Summary: Consider the Full Operating Range; Move Away from Legacy, Irrelevant Constructs
Comparisons across product lines from different companies should not be limited to core count, clock speed specifications, and singular, artificial metrics. Relying on physical parameters or technical specifications to compare different products risks poorly informed decisions. Instead, benchmark results better define the performance and energy efficiency levels needed for the different PC usage models and decision making. Of course, benchmark results should be specific to the model and configuration being considered. Notebook PC manufacturers leverage the wide dynamic frequency range of modern processors to optimize designs for sustainable effective clock speeds, higher than specified by base frequency. Rather than specifying a single design point, a range of configurable power levels may be selected to meet the system design needs.
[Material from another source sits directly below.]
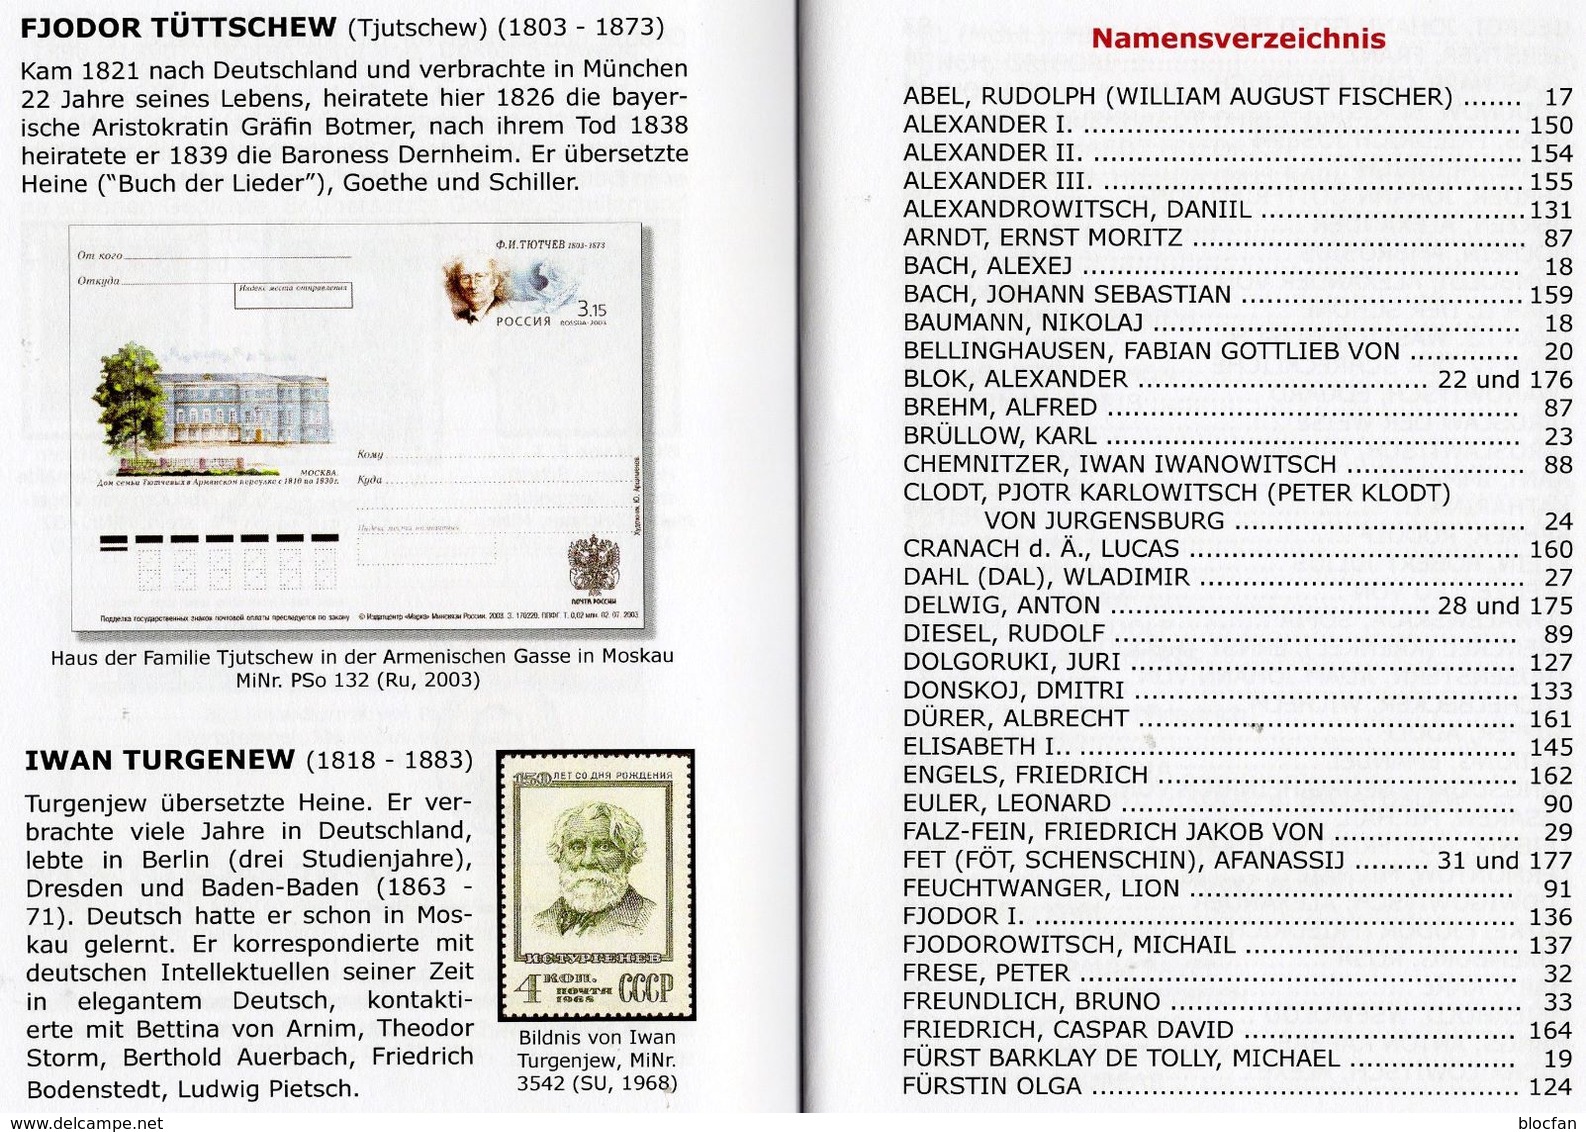 Geschichte Rußland In Der Philatelie 2013 Neu 16€ Stamp D BRD DDR Sowjetunion Russia Von V.Konschuh Book Of History - Motive

Although the single/fixed base frequency at single TDP model still has value as part of product definition, it is not relevant as part of end user purchase decisions of a laptop. Intel would fail on ark.intel.com to reflect the range of design operating points of a processor that enable a variety of user experiences from fanless ultraportables to mobile workstations. With 11th Gen Intel Core mobile processors, Intel takes the first step in a multi-generational evolution toward a new experience based design construct-moving away from legacy, irrelevant constructs like TDP and base frequency. To comprehend the range of 11th Gen Intel Core mobile processor-based systems, Intel now only specifies processors with a Configurable-up and Configurable-down range for TDP and base frequency. Configurable TDP has existed for many processor generations, and a desired TDP within its operating range would support customer needs-for example, when looking for a singular 15W TDP, a processor with configurable range of 12W to 28W would be appropriate.